The Detroit Power Outage: A Lesson for Cities about Microgrids

The Detroit Power Outage brought eight hours of hardship to Detroit on Dec. 2 — hardship that could have been averted with microgrids.

Firefighters were forced to rescue people trapped in stalled elevators. Schools shut down at lunch time. The Detroit Free Press had harsh words for city leadership.

How would microgrids help? First let’s look at why Detroit’s power system failed so badly. The power outage was triggered by a cable failure that took down an already weak system. Unfortunately, blackouts are not a new problem in Detroit.

  • USA Today said blackouts occurred there in 2010, 2011 and 2013. CNN said the power has gone out during several sporting events.
  • McKinsey and Company received funding in 2010 to study the city’s grid. They recommended $250 million of upgrades, according to Detroit Free Press.
  • Detroit’s municipal electric system is like a long string of old Christmas lights, tweeted SNL Energy reporter Amy Poszywak after the outage occurred.

It’s important to note that Detroit isn’t the only U.S. city with a vulnerable power grid. December also brought news-making power outages to San Francisco and Washington, D.C. A storm-related blackout in San Francisco on Dec. 11 left 100,000 homes and businesses without electricity. And on Dec. 15, a blown transformer and construction accident led to power outages in key government buildings in the nation’s capital, including the State Department and the Federal Reserve. The lights even flickered in the White House.
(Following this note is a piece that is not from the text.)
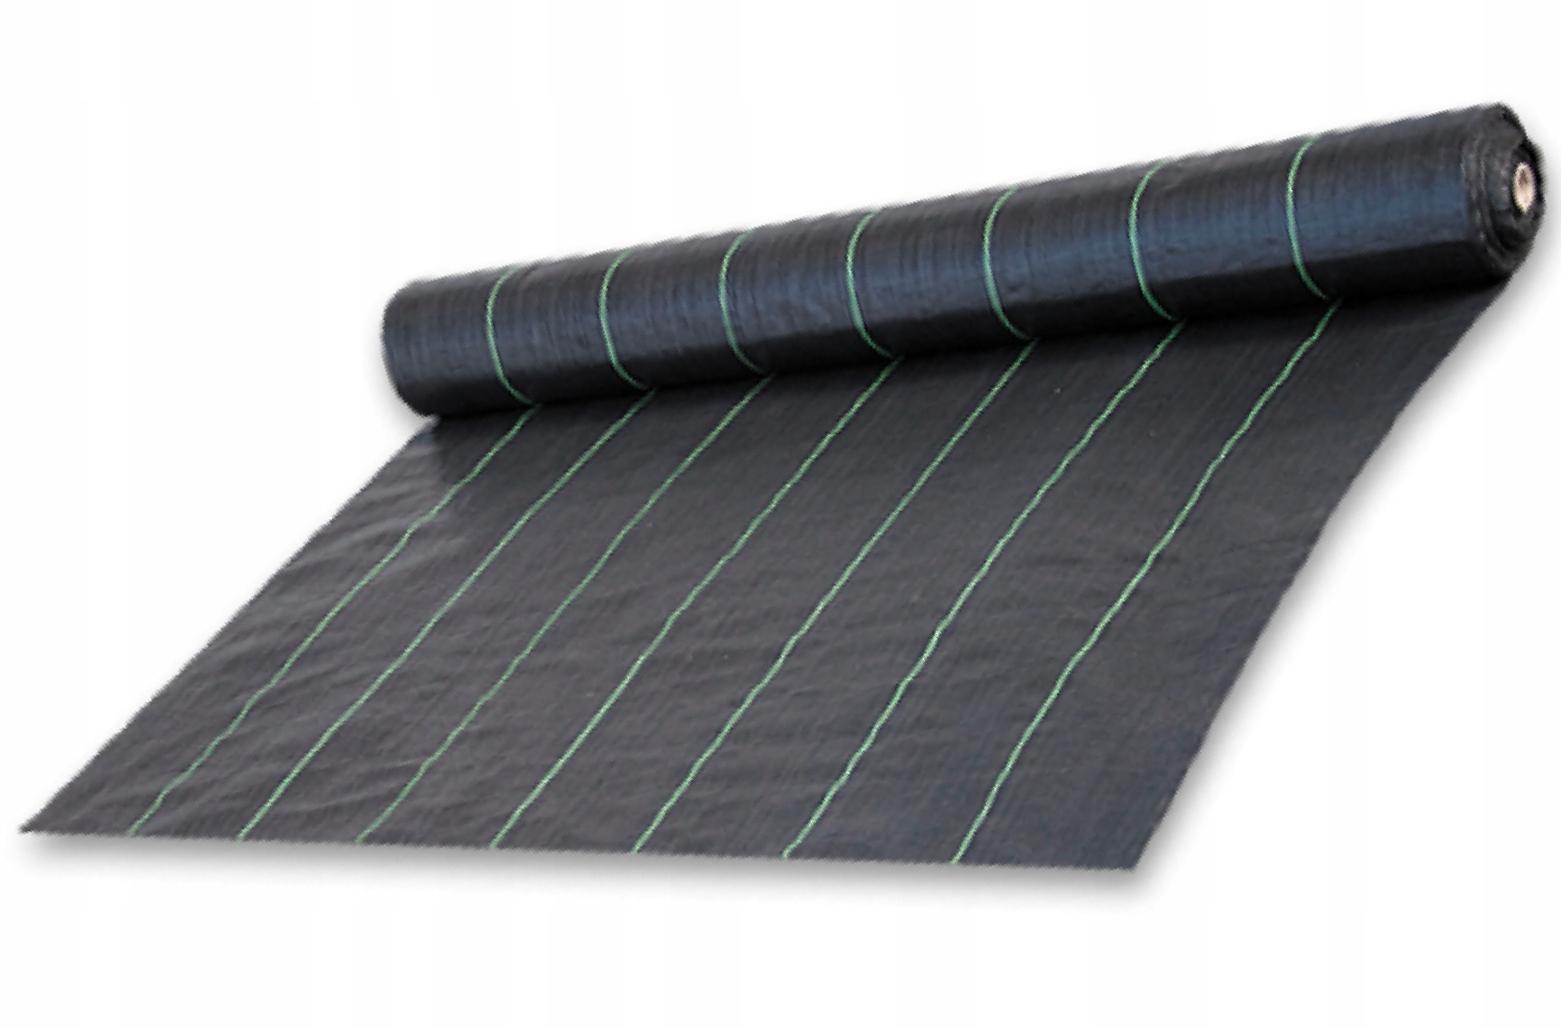 Agrotkanina antychwastowa czarna UV, 70g, 1,1 x 1m

The American Society of Civil Engineers has given the nation’s power infrastructure an overall grade of D+, saying many improvements are needed.  The money isn’t always available, however, for massive upgrades.

How Microgrids Can Help

The frequency with which the grid goes dark is increasing in many places. When power goes out, everything grinds to a halt – unless local microgrids or generators are there to support critical facilities like transportation systems, hospitals, emergency services, and government buildings.

A microgrid is a local, customized electricity system that includes generation, storage and loads. A form of distributed energy, microgrids often derive power from solar panels, fuel cells, wind turbines, diesel, or combined heat and power (CHP).

In the United States, microgrids are usually connected to the centralized grid. But at times when local electricity is needed, the microgrid can be disconnected or ‘islanded’ from the centralized grid and can operate on its own, providing power to critical buildings when the grid cannot.

Why Financing Is Crucial

So why aren’t there more microgrids?

The microgrid industry has been developing gradually in North America and internationally. It is largely driven by military installations, climate resilience policies, off-grid communities, and the fuel costs of islands. Since Superstorm Sandy, interest in resilience has translated into heightened awareness of the need for microgrids.

However, many city leaders still do not yet fully understand the technology and its benefits and costs. Education is key.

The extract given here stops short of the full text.